= TASK REQUIREMENTS =
Skip the pictures. Retype exactly, and only, the lines between the line holding "Summer Party Decorations" and the last line below, inclusive.

= COLLECTED DATA =
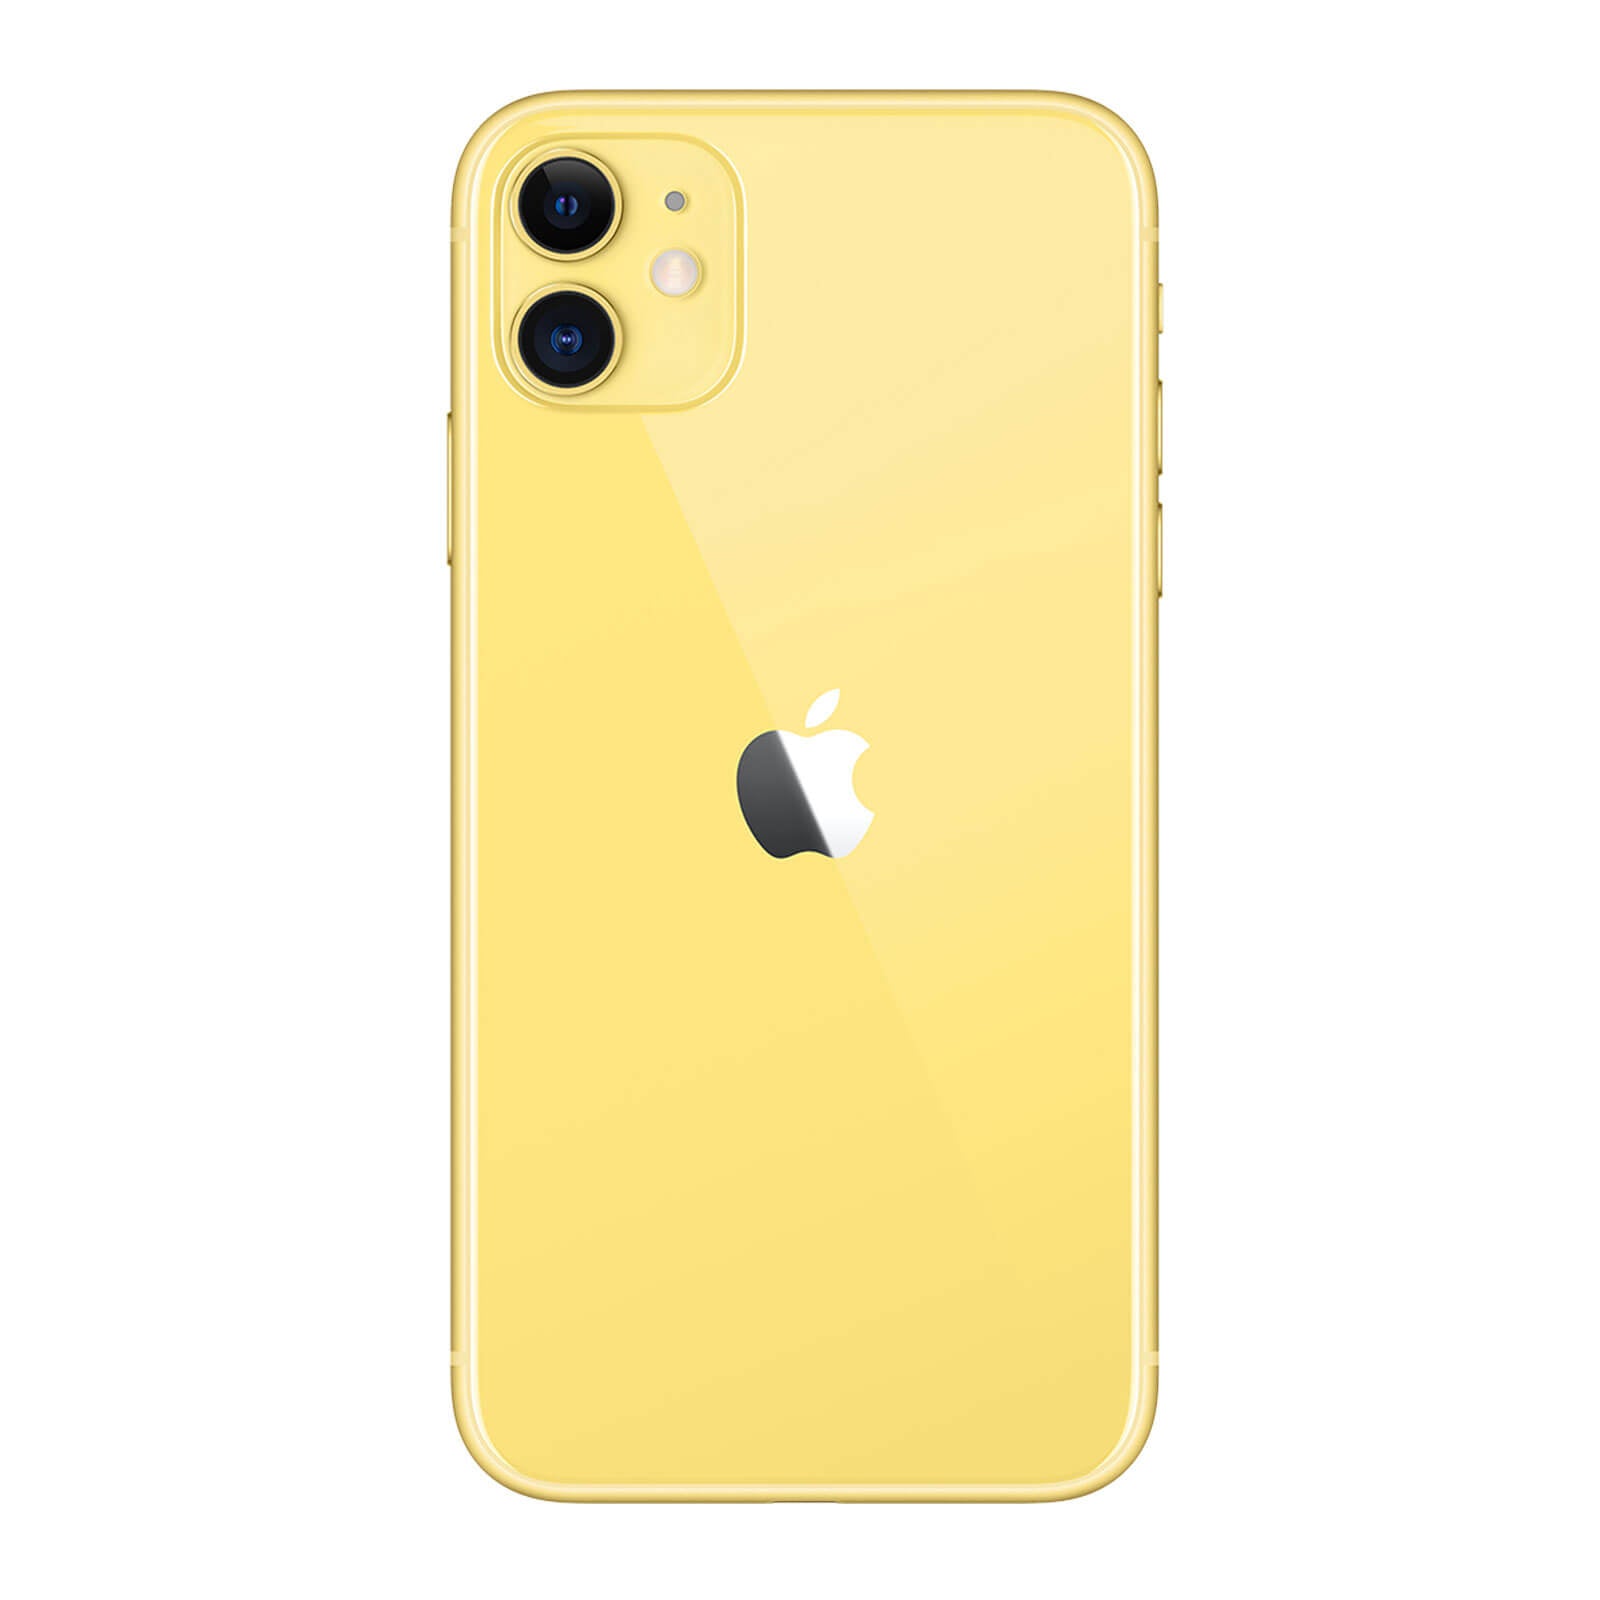 Apple iPhone 11 128GB Yellow Good - Verizon
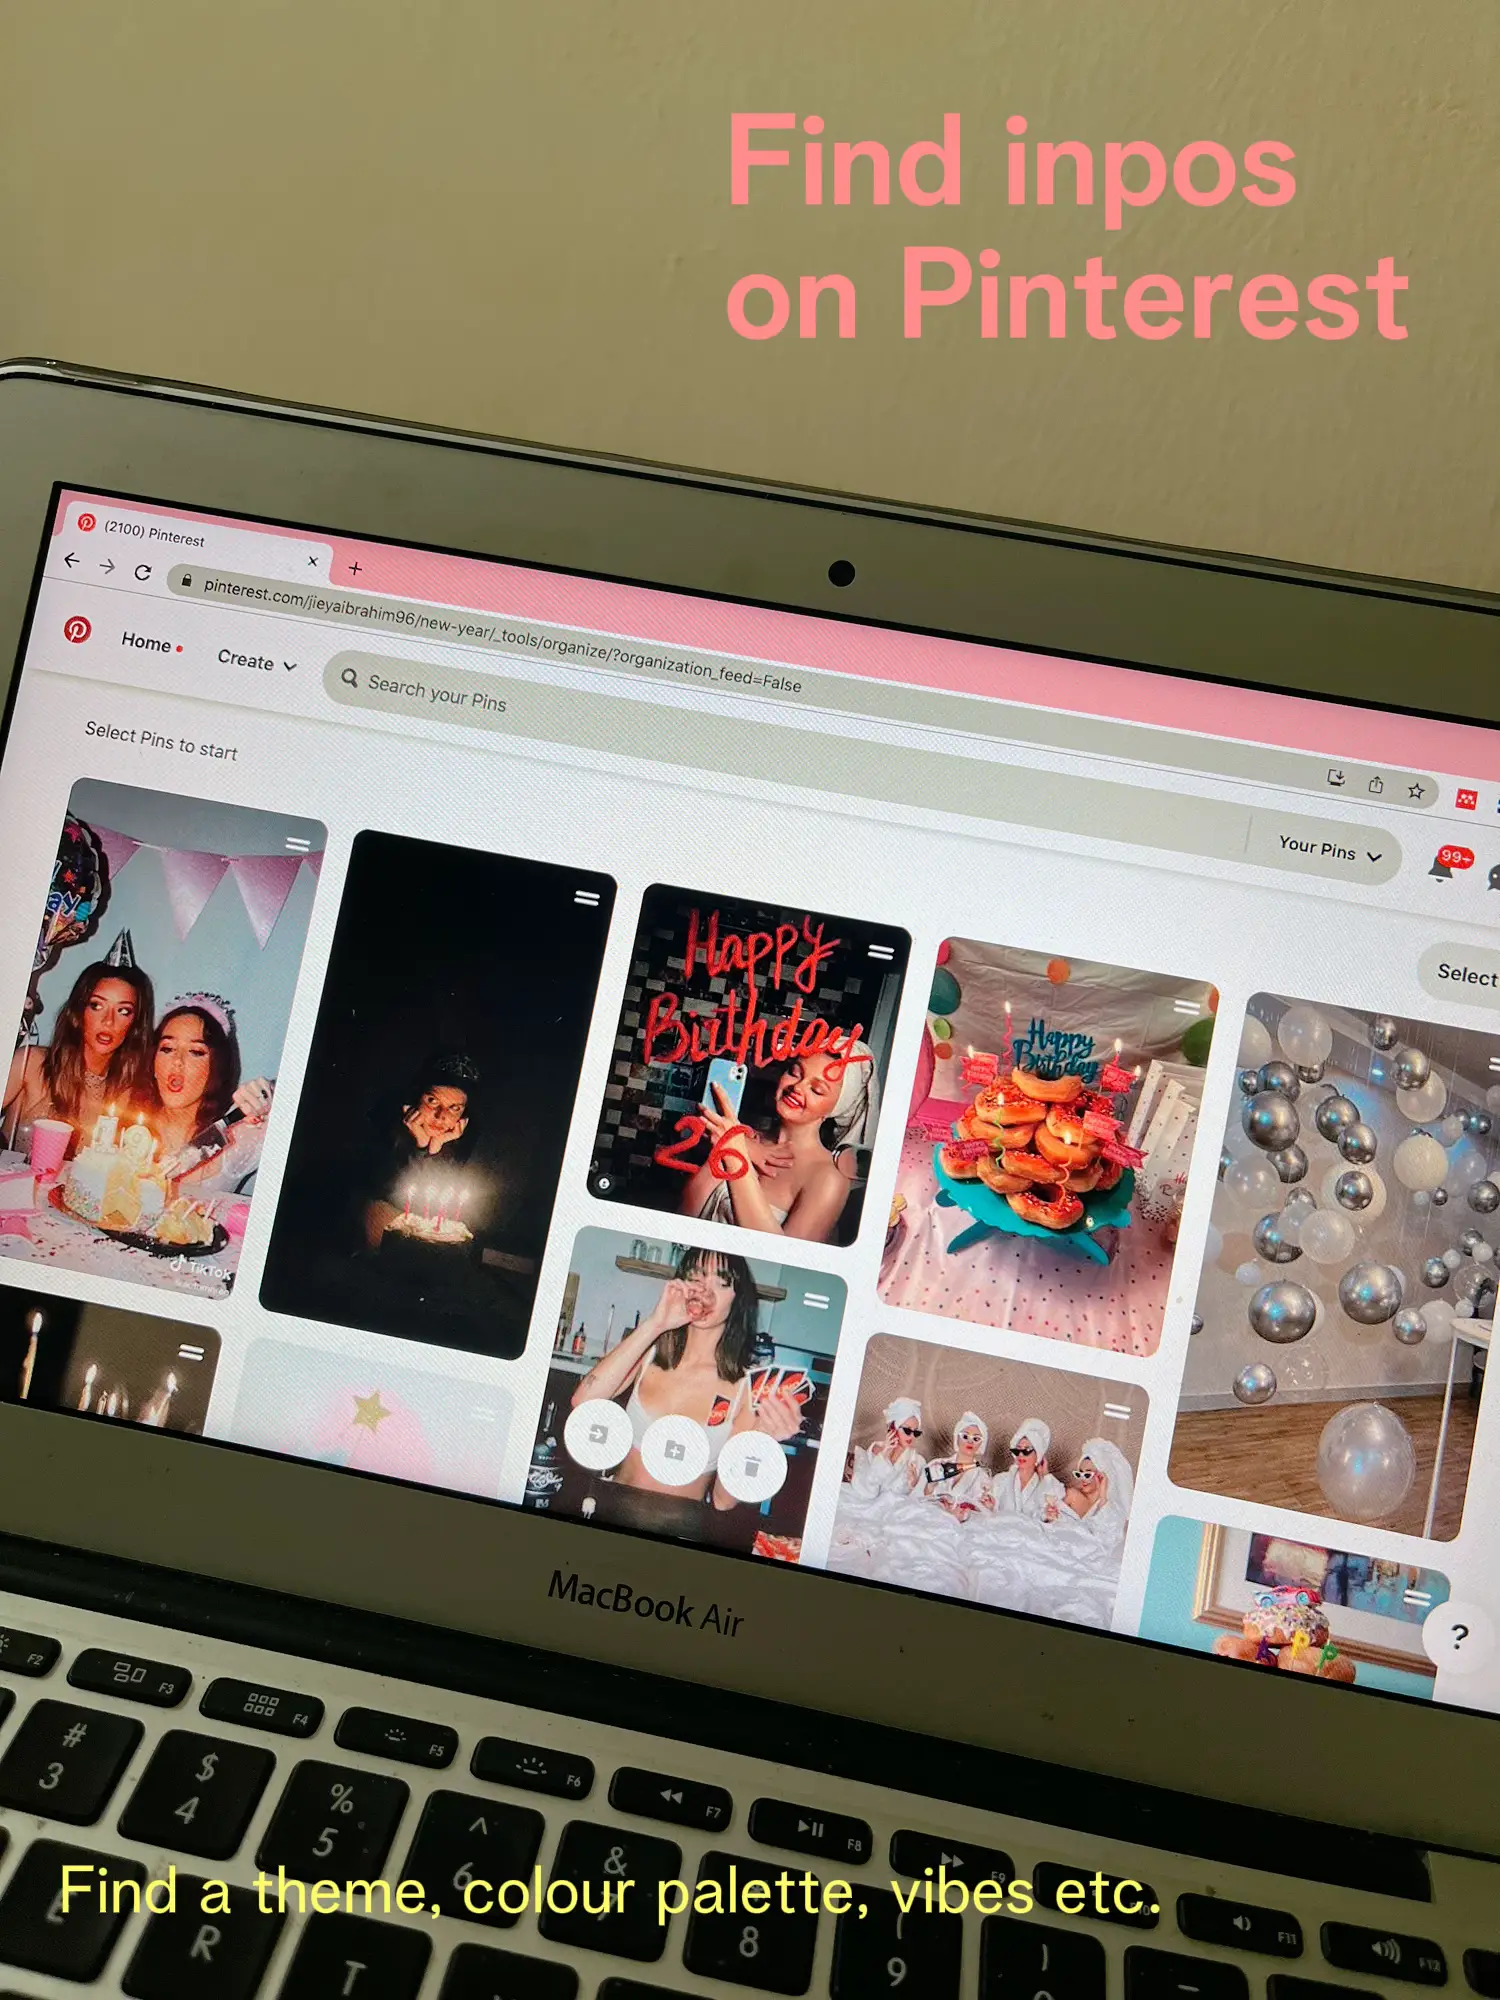 Summer Party Decorations on Pinterest - Pencarian Lemon8
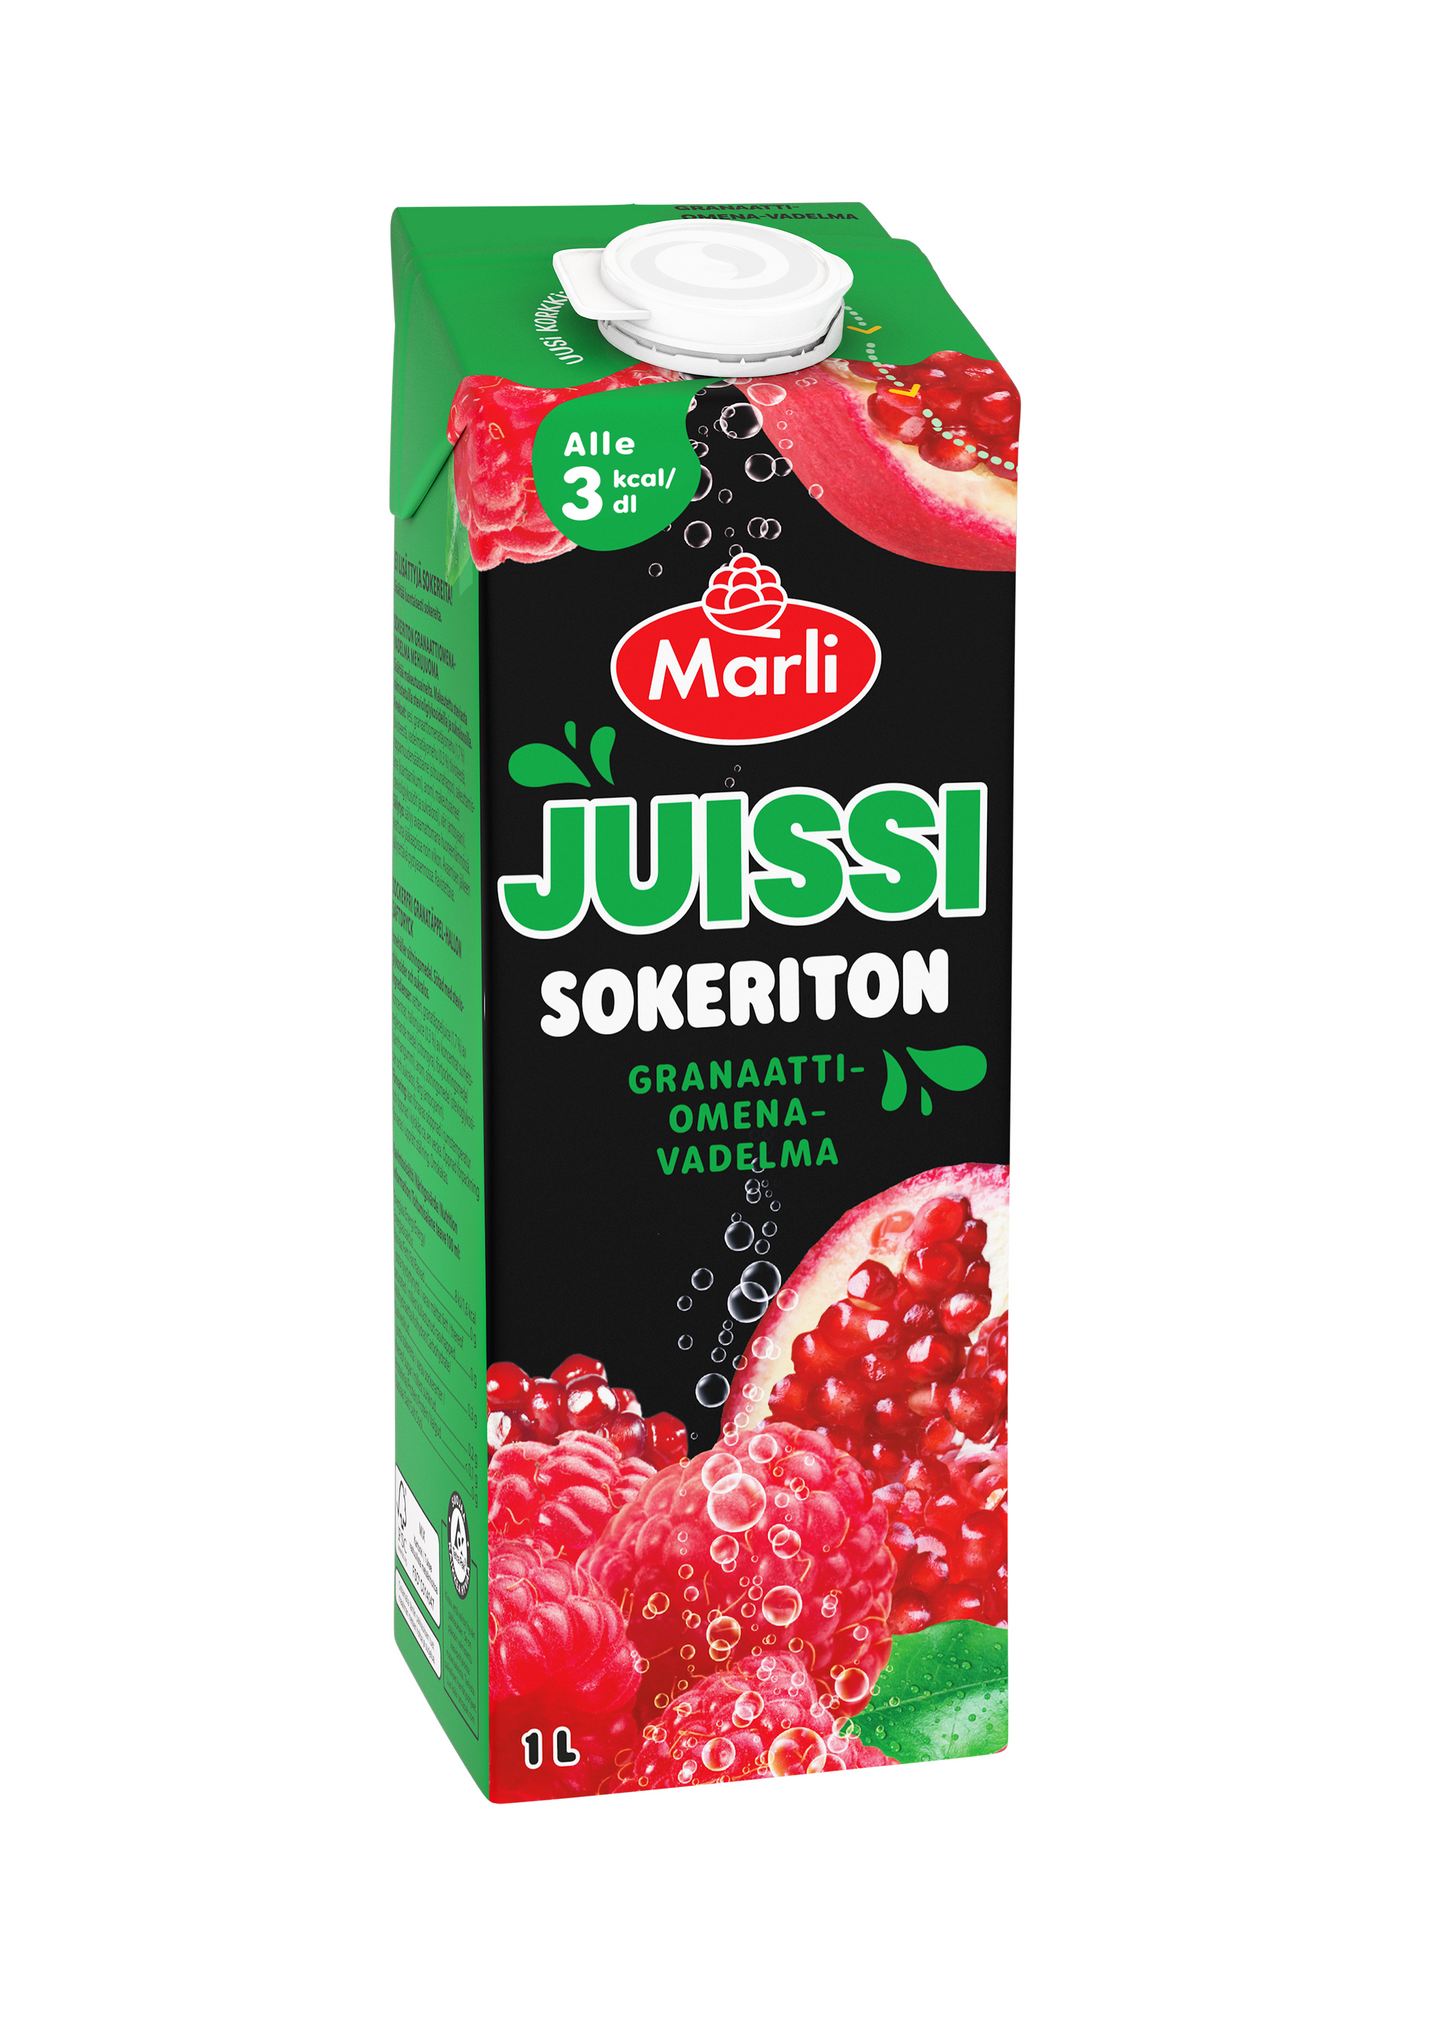 Marli Juissi sokeriton granaattiomena-vadelma 1l

= RESPONSE BELOW =
 Summer Party Decorations on Pinterest - Pencarian Lemon8
 Marli Juissi sokeriton granaattiomena-vadelma 1l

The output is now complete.